If I reboot again without stopping qemu, dhcpcd still fails.  So I don't think this is a Chrome OS issue.  I can manually configure the network interface with `ifconfig eth0 10.0.2.15 netmask 255.255.255.0 up` and then ssh to the VM again.  However, I cannot ping 10.0.2.2 (which is possible when the VM is working normally).  The fact that ssh still works in this setup indicates that two-way data traffic is OK, but something is probably wrong with qemu's internal networking services.

I wondered if random MAC addresses were being used (which might confuse a simple DHCP server that only allocates one IP), but the MAC address does not change from one boot to the next.  It is always 52:54:00:12:34:56.

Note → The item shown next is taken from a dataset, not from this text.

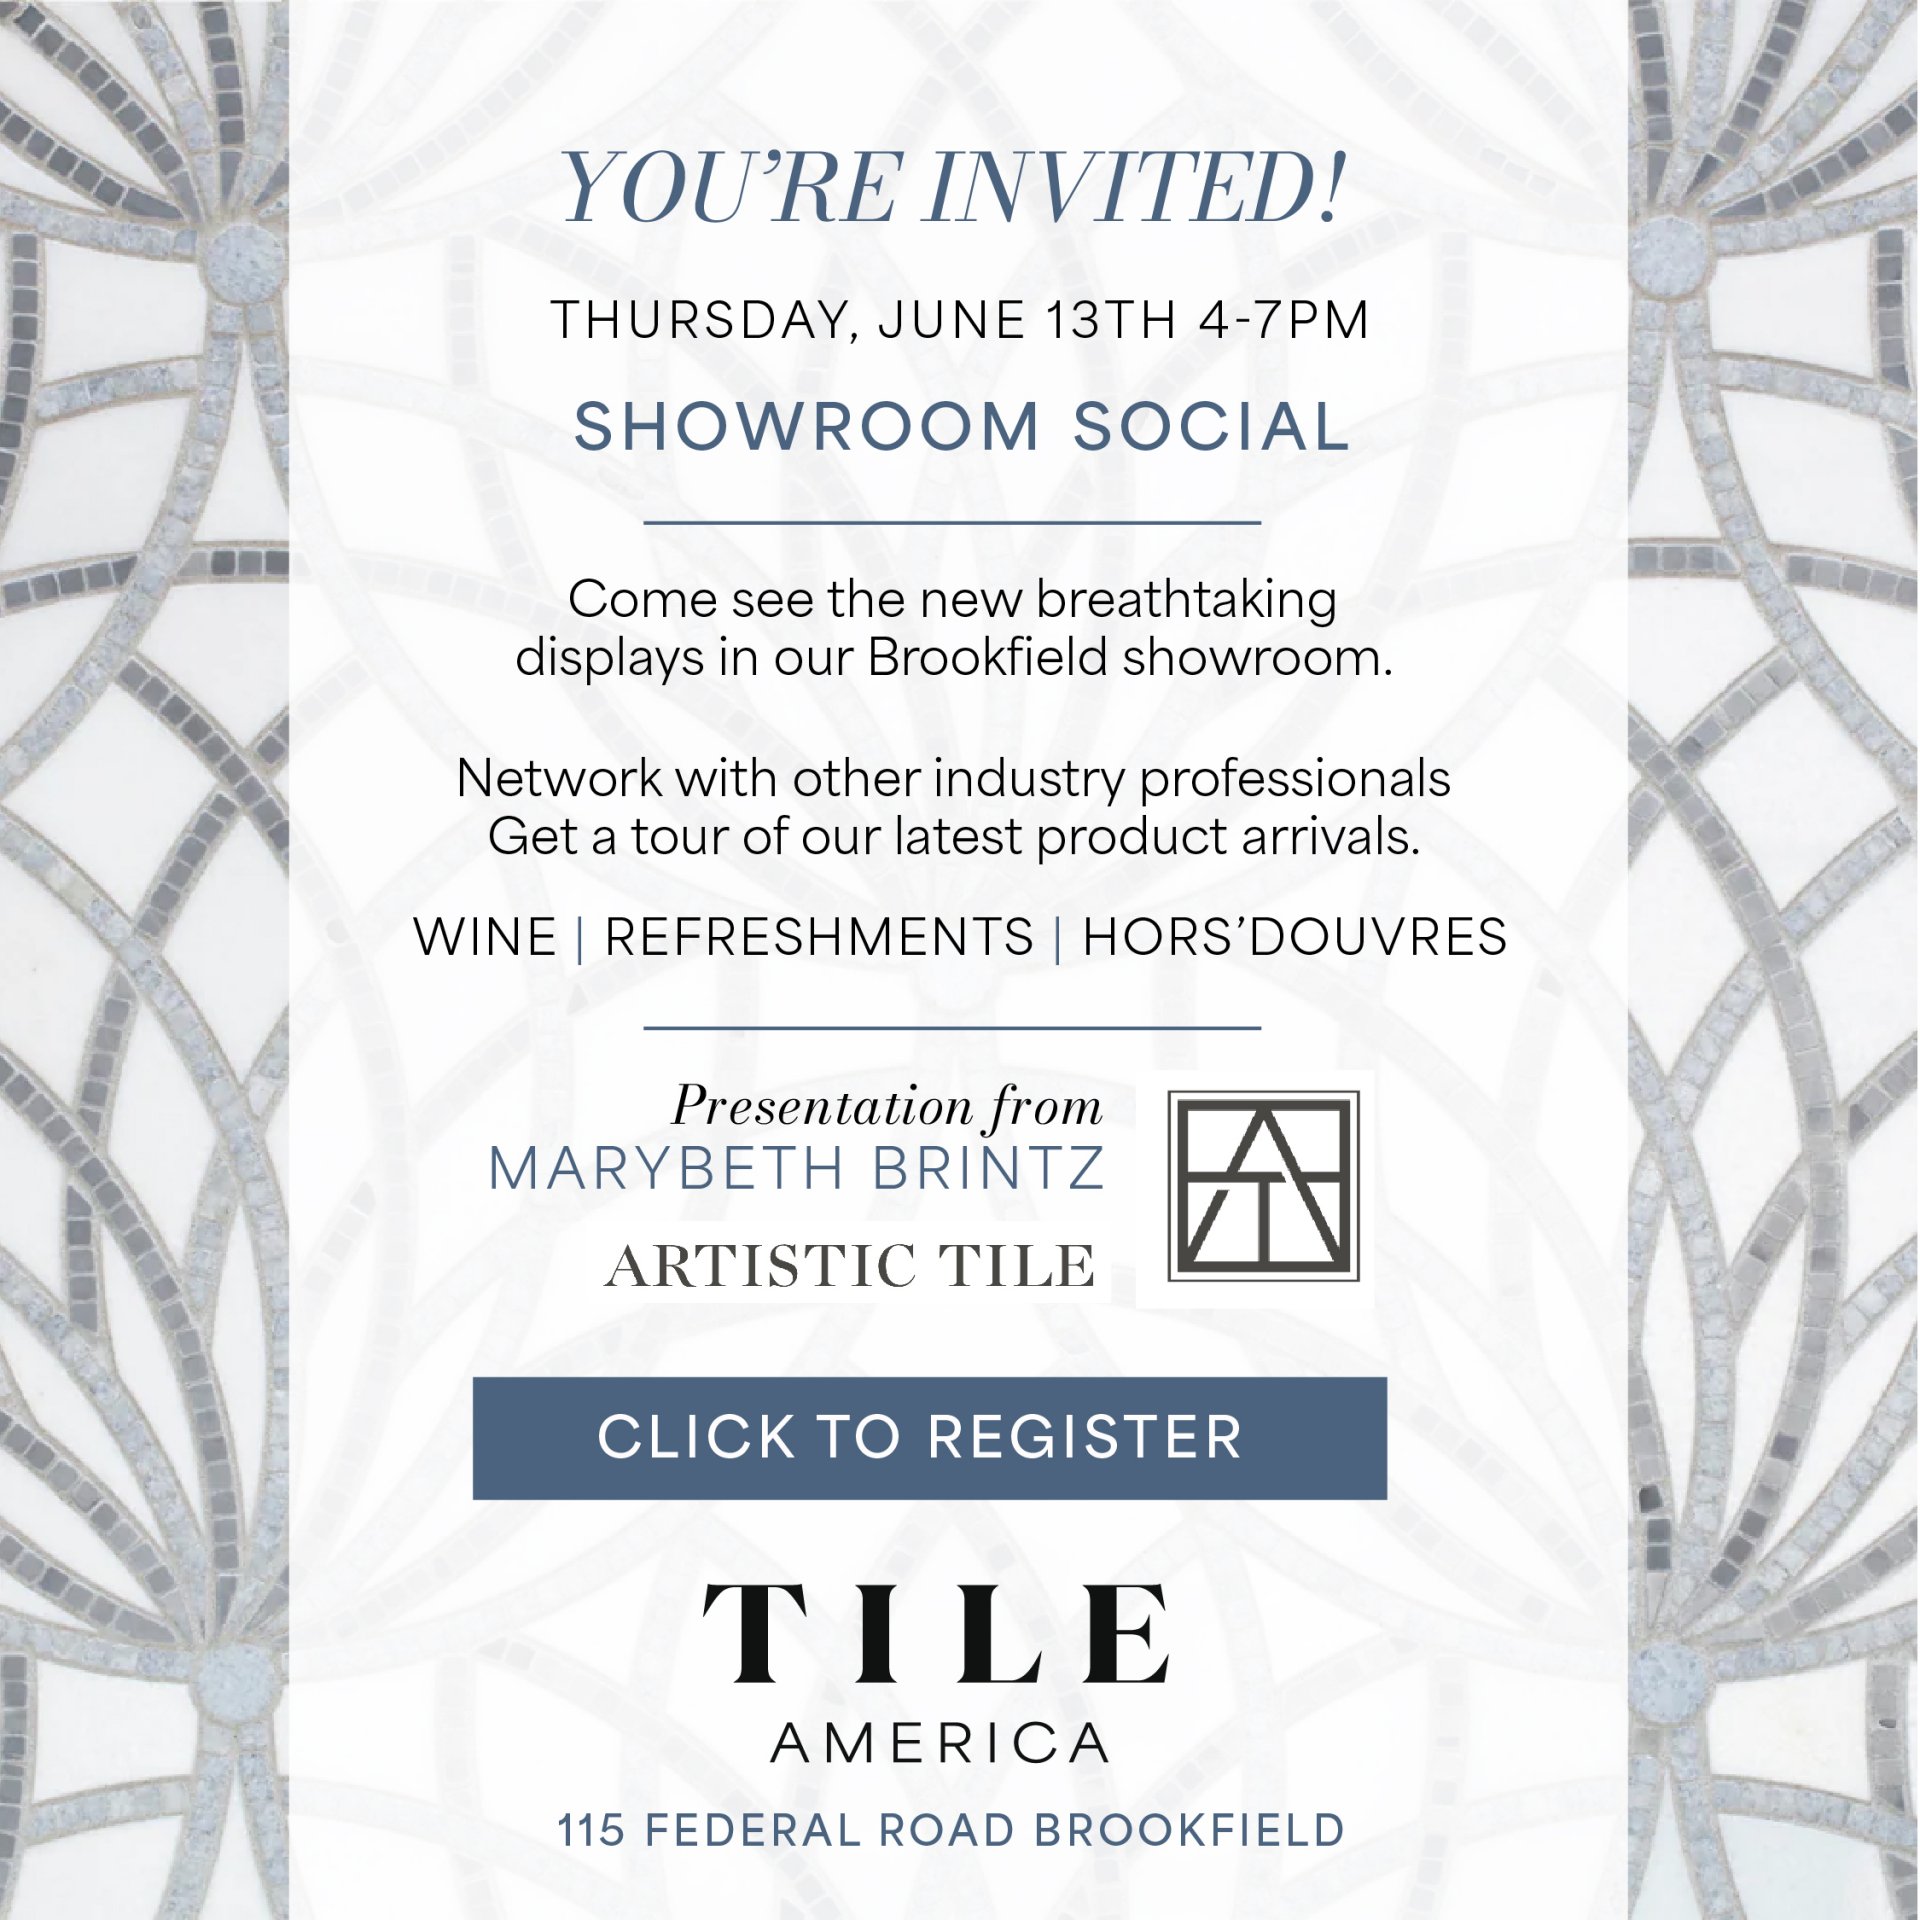 You are invited!  Brookfield Showroom Social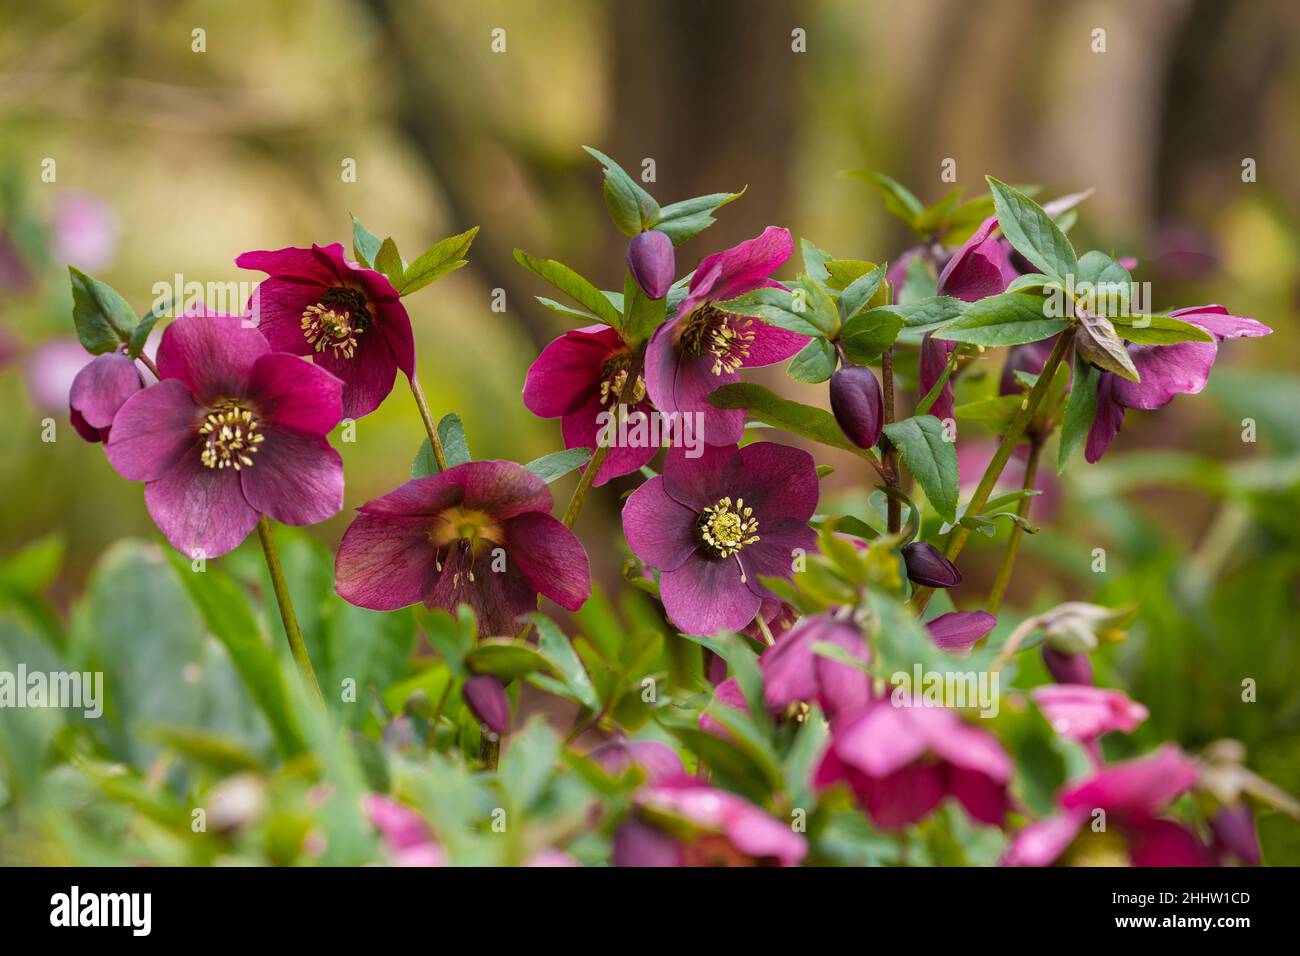 Beautiful, vibrant, purple hellebores in a lush environment Stock Photo

These are the networking options we are using: -net nic,model=virtio -net user,hostfwd=tcp:127.0.0.1:9222-:22

I'm retesting with a ToT build of qemu.  `kvm --version` reports v2.0.0 from 2014.  Is that what you are using too?

BTW do we really need to start qemu as root?  For me it seems to be working OK as a normal user.

Comment 8 by pwang@chromium.org, Sep 19 2017

`kvm --version` reports 'QEMU emulator version 2.0.0 (Debian 2.0.0+dfsg-2ubuntu1.35), Copyright (c) 2003-2008 Fabrice Bellard' in my side.

I also tried to use the src/script/bin/cros_start_vm, which using chroot/usr/bin/qemu-system-x86_64(QEMU emulator version 2.6.0), to start vm, but got the same result. 
ToT qemu (commit a9158a5cba955b79) also lost networking during this test.  So the bad news is that upgrading qemu won't fix it, but the good news is that I can attach to qemu with gdb and debug it with symbols.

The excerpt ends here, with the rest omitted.